After lunch and another swim, we made another of our crazy decisions and headed off for a long walk in the hottest part of the day.  It was a little over 3 ks to the Tsunami Museum.

Khao Lak was the worst hit area of Thailand during the 2004 Tsunami (something you try not to think about with a beachside bungalow).  The museum could really have had a lot more in it, but they did have videos that they put on for us, and comfortable seating to rest after our long hot walk.  We think it likely that it is just something a booking agency (out the front) has put together, but there was no charge, we were given a refreshing jasmine tea, and no pressure for anything else.

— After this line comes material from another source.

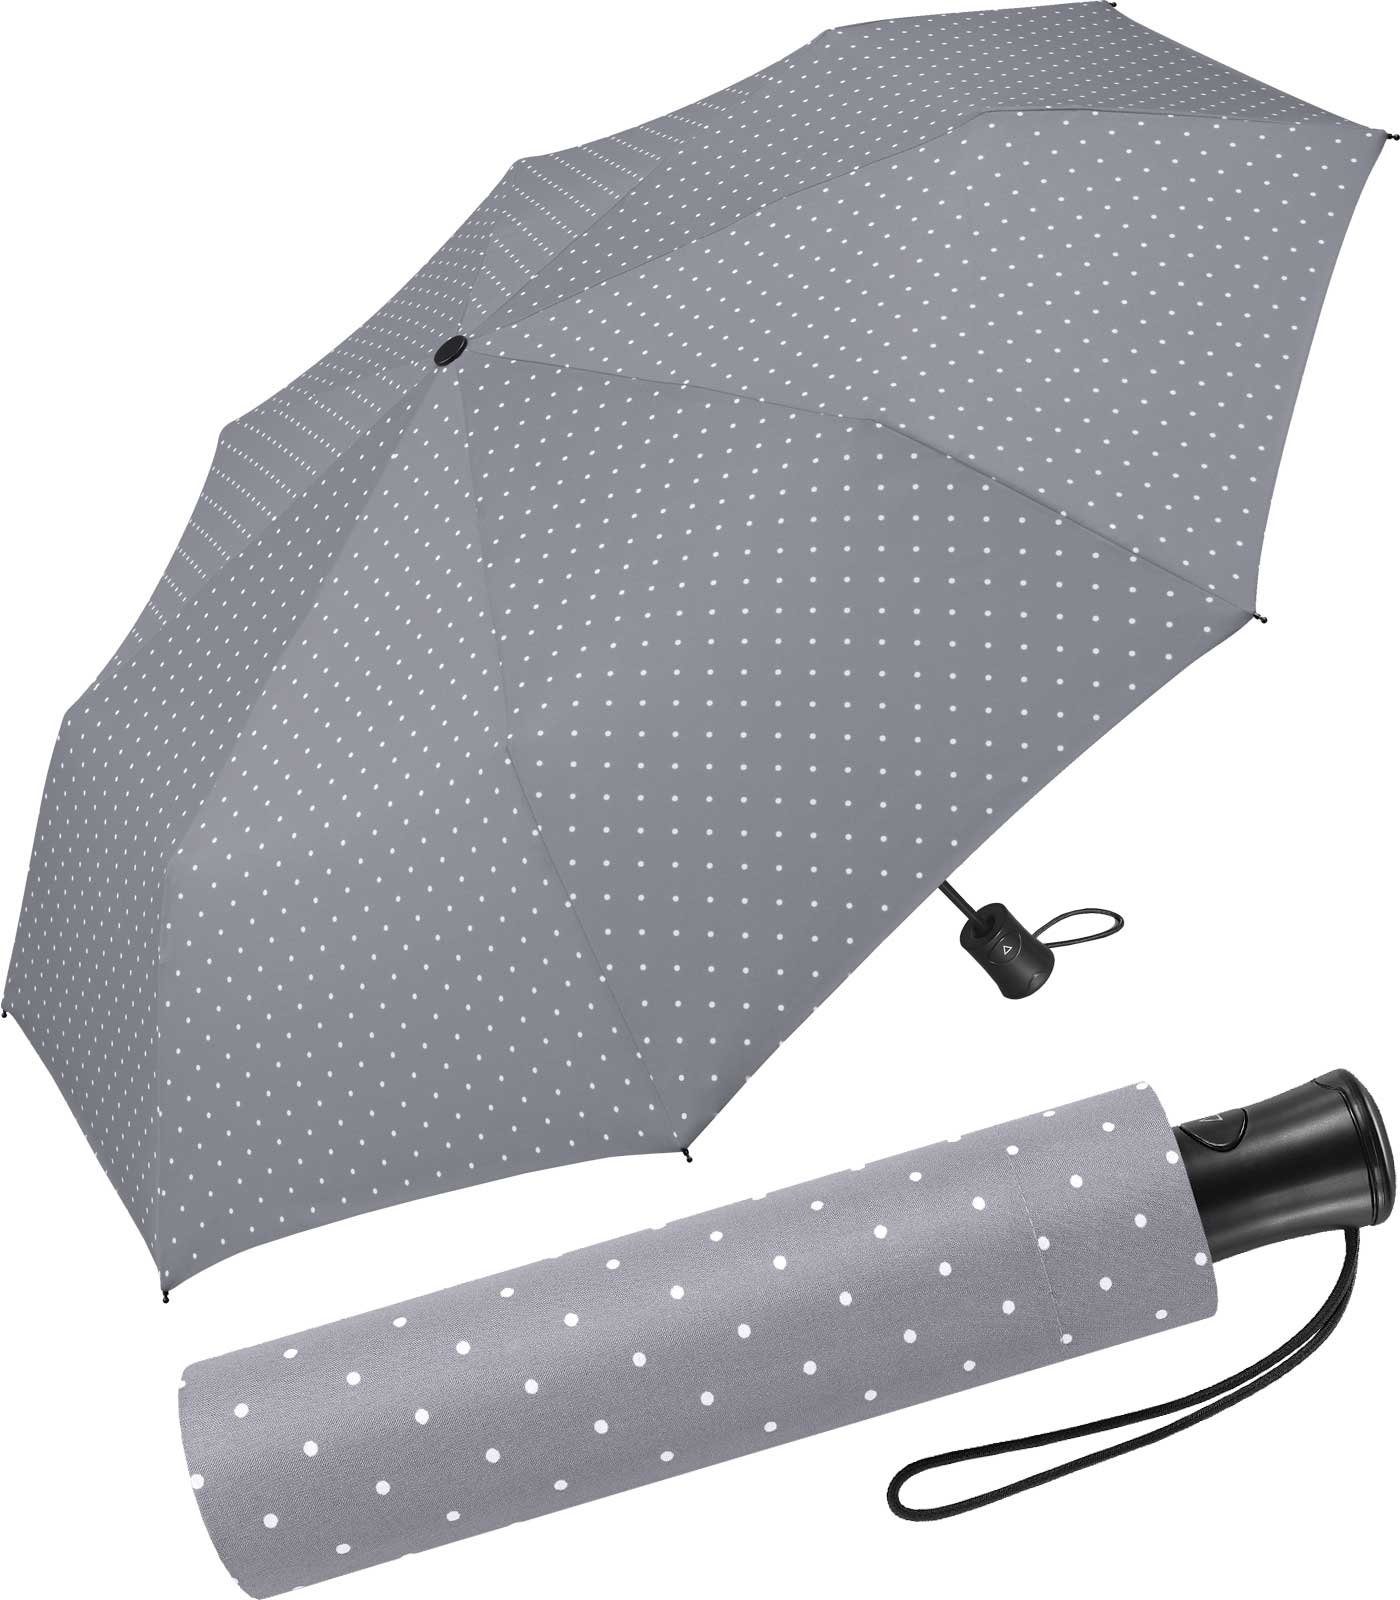 HAPPY RAIN Taschenregenschirm schöner Regenschirm mit Auf-Automatik für Damen, in vielen Farben mit kleinen Punkten - grau hellblau

Nearby is the Tsunami Memorial Park, which doesn't really look completed yet.  There is a  large concrete wave sculpture, but dominating the park is the police boat.
This very large boat was guarding the King's grandson who was water skiing (and unfortunately did not survive).  The tsunami picked it up and carried it nearly 2 kilometres inland.  The boat has been mounted where it came to rest.  A sobering reminder of the power of the tsunami.  But everywhere you look, you can see the resilience of the people and marvel at what has been achieved in ten years and the effort it must have taken.

Boat 813

Memorial

As the walk up to there had been quite hot, we thought if a taxi came along we might get it back.  But what a laugh.  The number of times we have been touted and not wanted one, and when we do, none are in sight.  In the end we found that as it was now around 5.00 pm the heat was out of the day, there was now quite a lot of shade, and the walk back didn't seem anywhere near as long.  By the time we got back, we had been gone three hours.  Jim convinced me to try another foot massage, so I agreed to half an hour at the massage hut near our room. She wasn't as bad but I still have bruises.  Even though it is a foot massage, they always finish with a neck and shoulder.  I still can't work out how Jim can front up for two hours of this torture.  Time for another swim before dinner.

Just not my thing I think

Saturday morning after breakfast and more snorkelling we decided to walk north up the beach.  This was an even bigger eye opener.  There were bars and restaurants for a huge distance along the beach.  We walked through a creek that Jim had read about.  It was low tide and only ankle deep, but when the tide is in it can be shoulder height.  An enterprising Thai has set up a ferry service, and will take you the few metres over for 20 baht.  Around midday we caught up with Hayden's friend, Paul and family, who had arrived the night before.  After discovering we were planning on having dinner in the same direction we arranged to meet up.

On our way back we had lunch at the nice restaurant from the first night.  This then gave Jim time to head off for another of his two hour massages while I enjoyed my rocking chair and a book.  Another swim and it was time to meet Paul for dinner.  We found a nice looking place in the main street, and the food was very good, especially the fish.  Little Harry woke during dinner, but was quite happy if allowed to partake of some of the table contents.  There is a four hour time difference and it is amazing how quickly kids can adapt.

For the second night running, I just had to stop at the pancake stall on the way home.  I don't know what they are made off, but they stretch the dough out like a very thin pizza, throw it on a hot work, add bananas to it, then fold over and turn.  Delicious.